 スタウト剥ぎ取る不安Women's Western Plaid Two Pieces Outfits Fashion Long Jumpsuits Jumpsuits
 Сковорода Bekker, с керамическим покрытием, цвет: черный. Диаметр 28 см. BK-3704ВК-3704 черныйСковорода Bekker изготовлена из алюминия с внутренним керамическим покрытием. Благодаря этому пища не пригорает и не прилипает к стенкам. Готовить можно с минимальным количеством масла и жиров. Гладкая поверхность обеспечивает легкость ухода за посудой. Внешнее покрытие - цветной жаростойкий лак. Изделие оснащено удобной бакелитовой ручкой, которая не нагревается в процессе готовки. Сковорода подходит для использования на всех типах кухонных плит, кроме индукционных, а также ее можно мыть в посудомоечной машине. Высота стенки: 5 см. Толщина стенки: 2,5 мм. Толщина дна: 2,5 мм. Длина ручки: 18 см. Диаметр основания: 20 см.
---
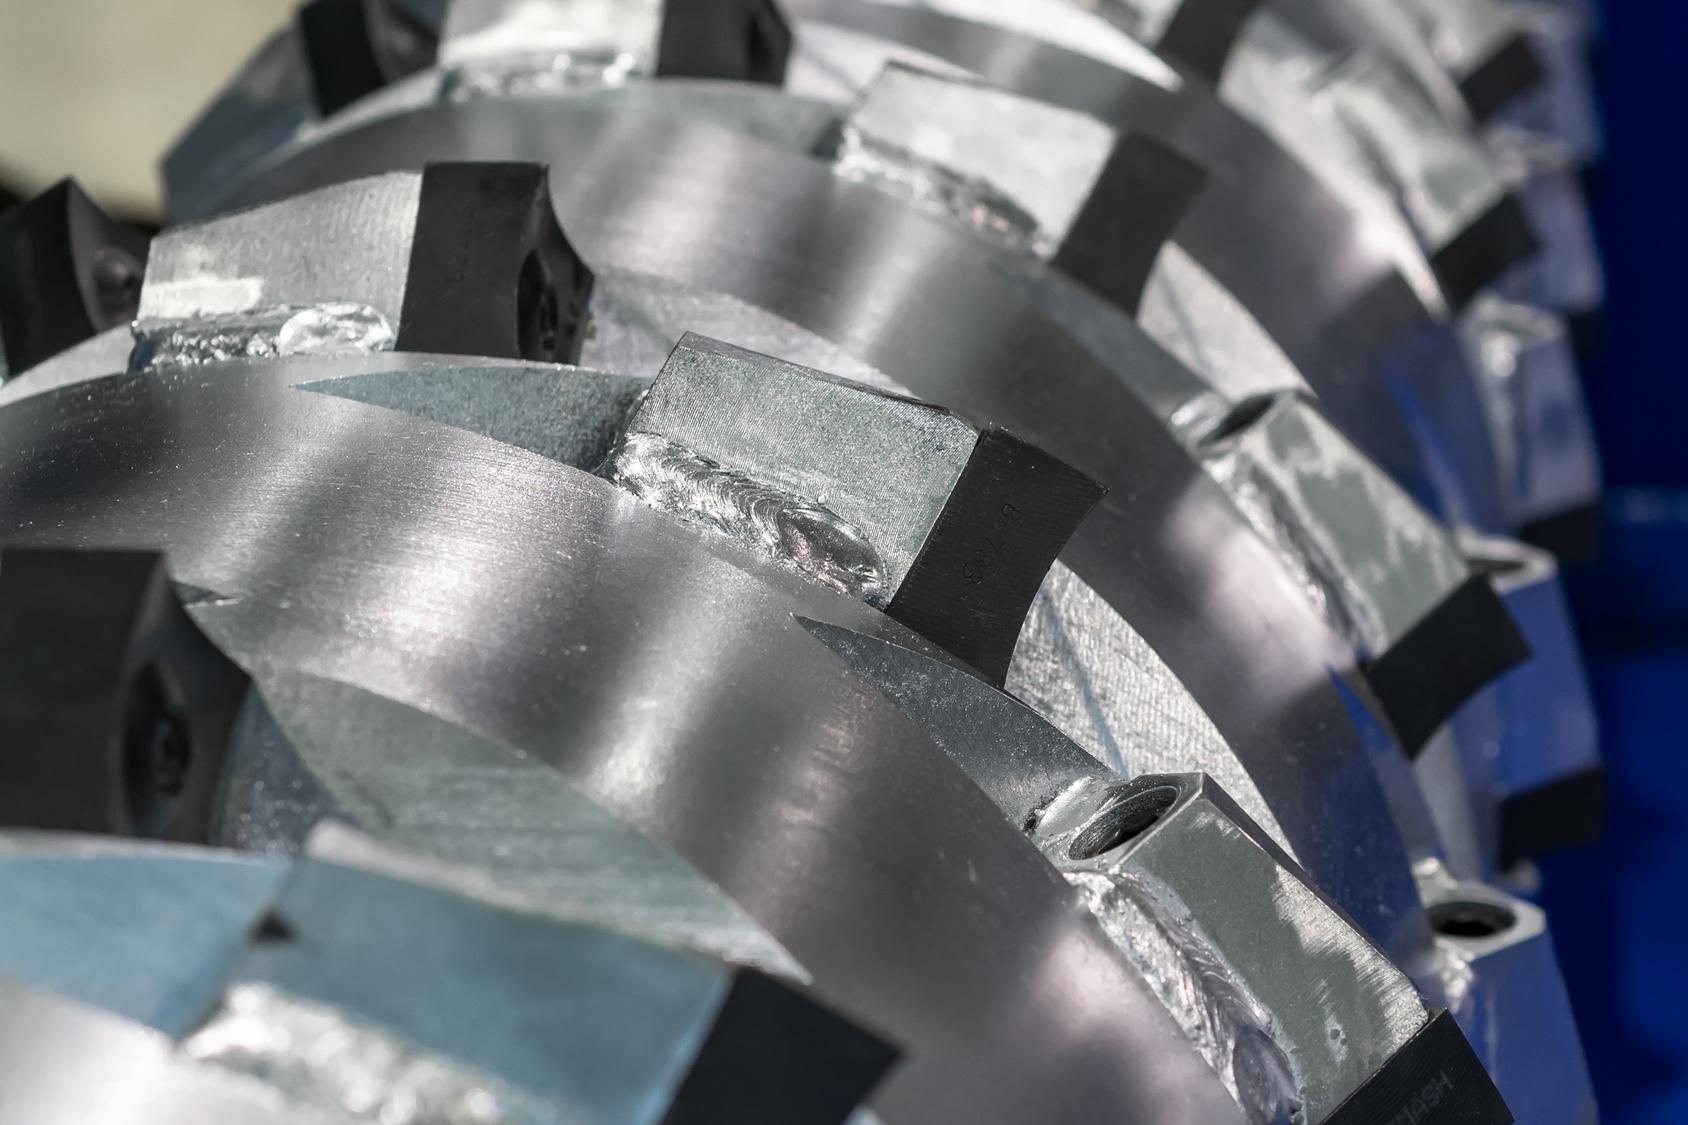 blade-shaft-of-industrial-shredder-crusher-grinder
---
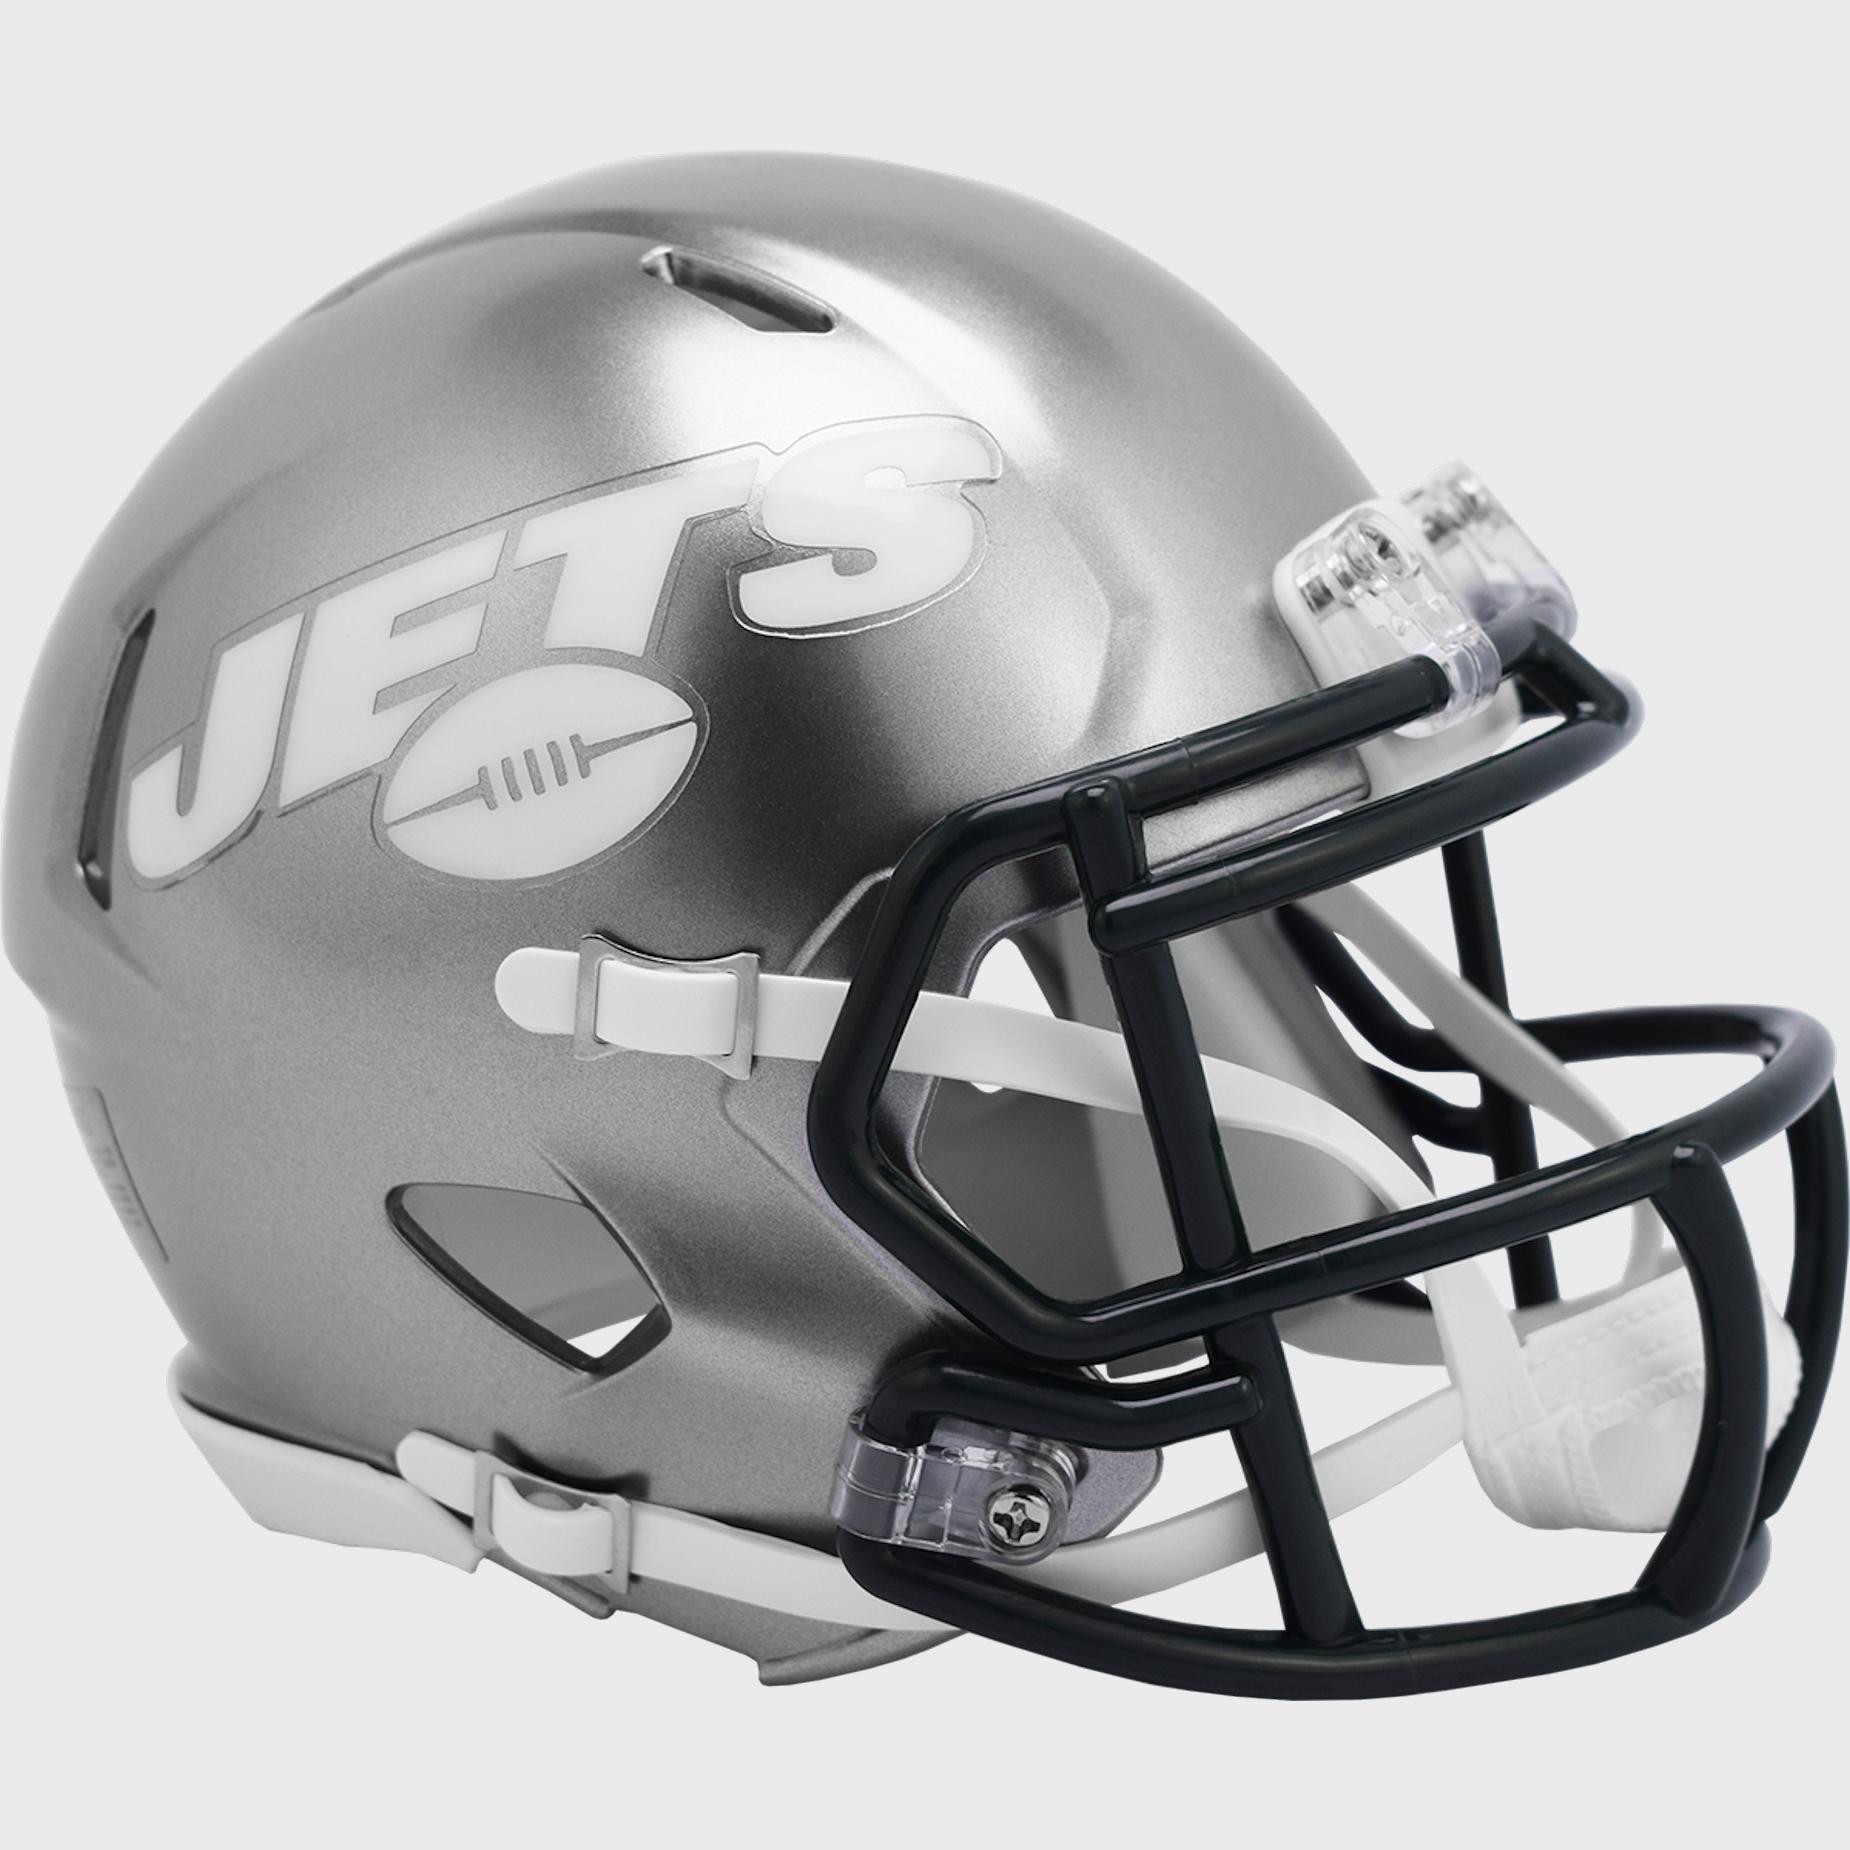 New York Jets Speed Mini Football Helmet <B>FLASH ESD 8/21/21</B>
---
> [Brief]: In the entries above, find the line holding "スタウト剥ぎ取る不安Women's Western Plaid" and the line holding "Сковорода Bekker, с"; print both of them and every line between, exactly, and nothing else.

> [Result of this exercise]:
 スタウト剥ぎ取る不安Women's Western Plaid Two Pieces Outfits Fashion Long Jumpsuits Jumpsuits
 Сковорода Bekker, с керамическим покрытием, цвет: черный. Диаметр 28 см. BK-3704ВК-3704 черныйСковорода Bekker изготовлена из алюминия с внутренним керамическим покрытием. Благодаря этому пища не пригорает и не прилипает к стенкам. Готовить можно с минимальным количеством масла и жиров. Гладкая поверхность обеспечивает легкость ухода за посудой. Внешнее покрытие - цветной жаростойкий лак. Изделие оснащено удобной бакелитовой ручкой, которая не нагревается в процессе готовки. Сковорода подходит для использования на всех типах кухонных плит, кроме индукционных, а также ее можно мыть в посудомоечной машине. Высота стенки: 5 см. Толщина стенки: 2,5 мм. Толщина дна: 2,5 мм. Длина ручки: 18 см. Диаметр основания: 20 см.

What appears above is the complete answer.